Other subsystems provide more focus on hierarchy in various ways; three worth contrasting are devices, freezer, and perf_event.

Ways of working with hierarchy

One of the challenges of big-picture thinking about cgroups is that the individual use cases can be enormously different and place different demands on the underlying infrastructure. These next three subsystems all make use of the hierarchical arrangement of cgroups, but differ in the details of how control flows from the configuration of a cgroup to the effect on a process.

devices

The devices subsystem imposes mandatory access control for some or all accesses to device-special files (i.e. block devices and character devices). Each group can either allow or deny all accesses by default, and then have a list of exceptions where access is denied or allowed, respectively.

The code for updating the exception list ensures that a child never has more permission than its parent, either by rejecting a change that the parent doesn't allow or by propagating changes to children. This means that when it comes time to perform a permission check, only the default and exceptions in one group need to checked. There is no need to walk up the tree checking that ancestors allow the access too, as any rules imposed by ancestors are already present in each group.
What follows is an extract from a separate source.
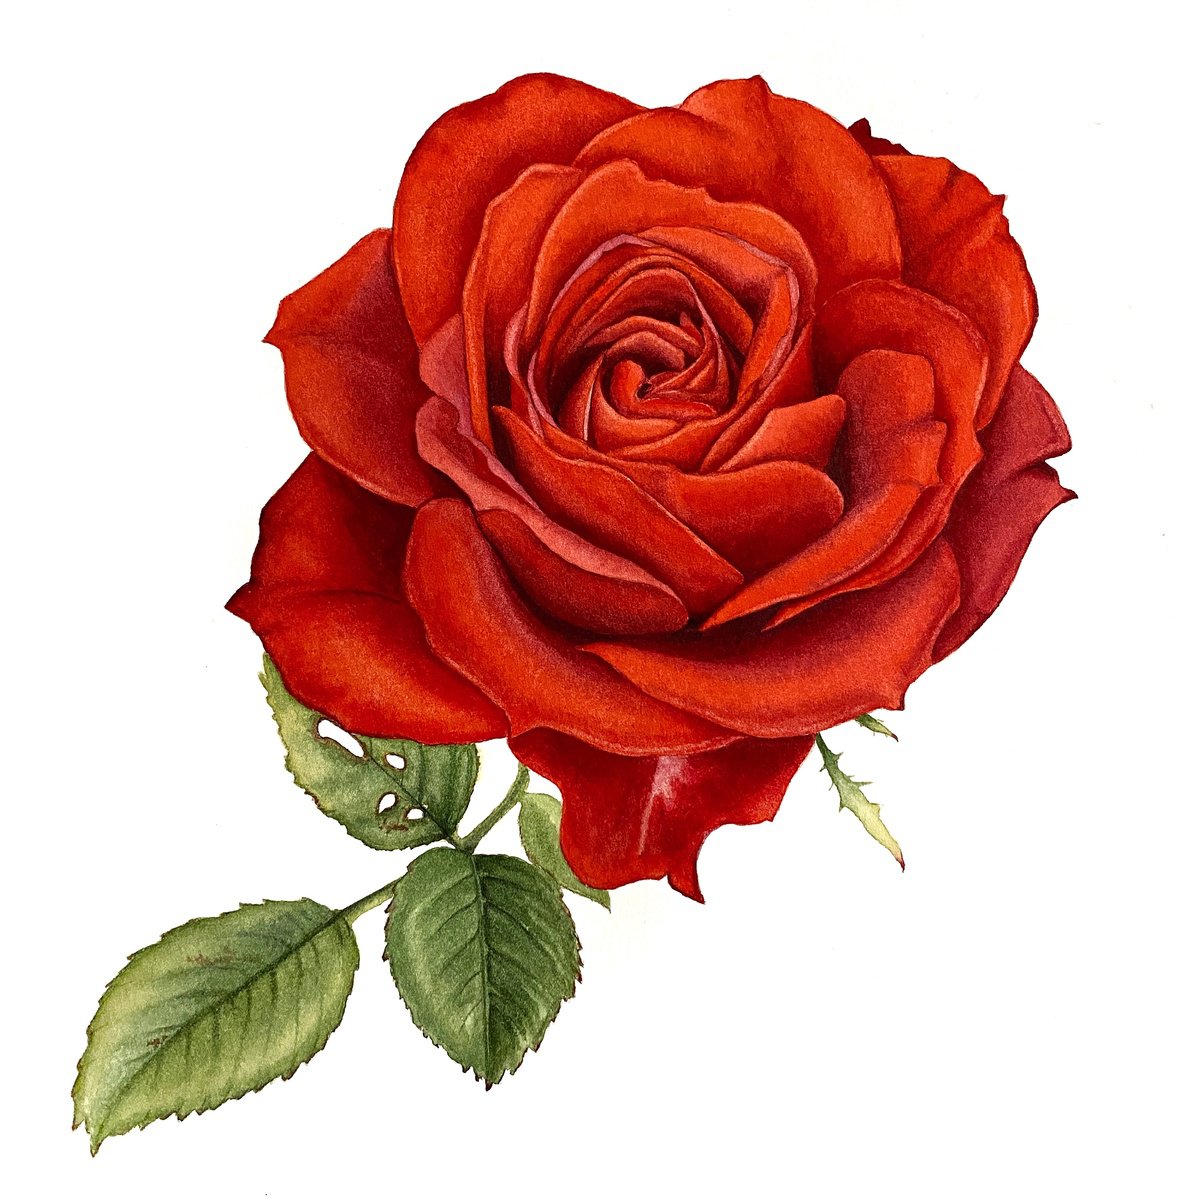 Red rose by Tina Shyfruk
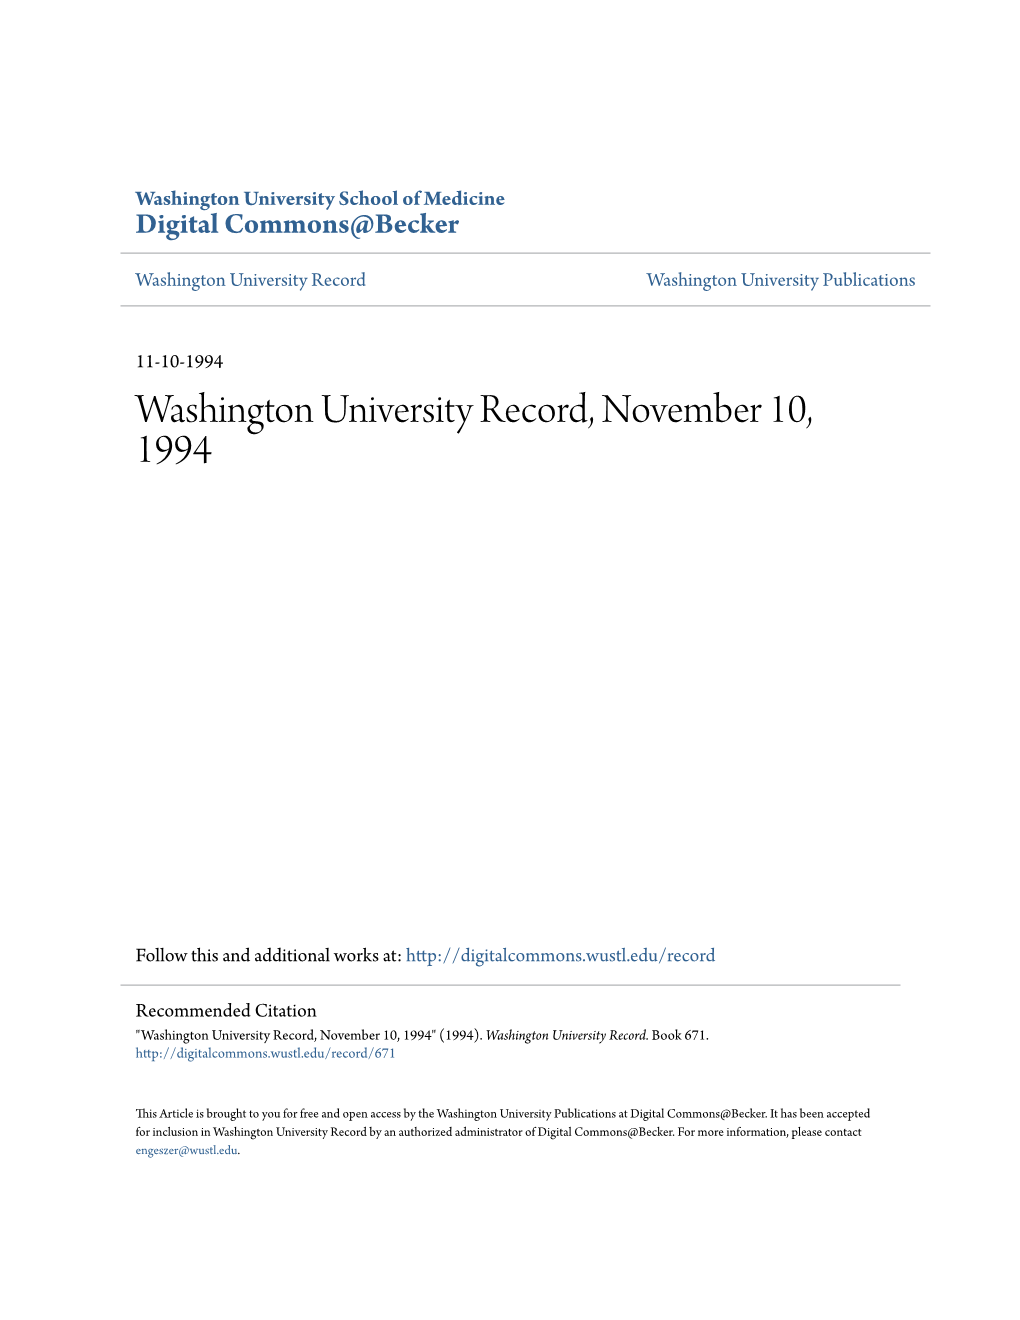 Washington University Record, November 10, 1994

There is a clear trade-off here, where the task of updating the permissions is made more complex in order to keep the task of testing permissions simple. As the former will normally happen much less often than the latter, this is a sensible trade-off.

The devices subsystem serves as a mid-point in the range of options for this trade-off. Configuration in any cgroup is pushed down to all children, all the way down to the leaves of the hierarchy, but no further. Individual processes still need to refer back to the relevant cgroup when they need to make an access decision.

freezer

The freezer subsystem has completely different needs, so it settles on a different point in the range. This subsystem presents a "freezer.state" file in each cgroup to which can be written "FROZEN" or "THAWED". This is a little bit like sending SIGSTOP or SIGCONT to one of the process groups that we met in the first article in that the whole group of processes is stopped or restarted. However, most of the remaining details differ.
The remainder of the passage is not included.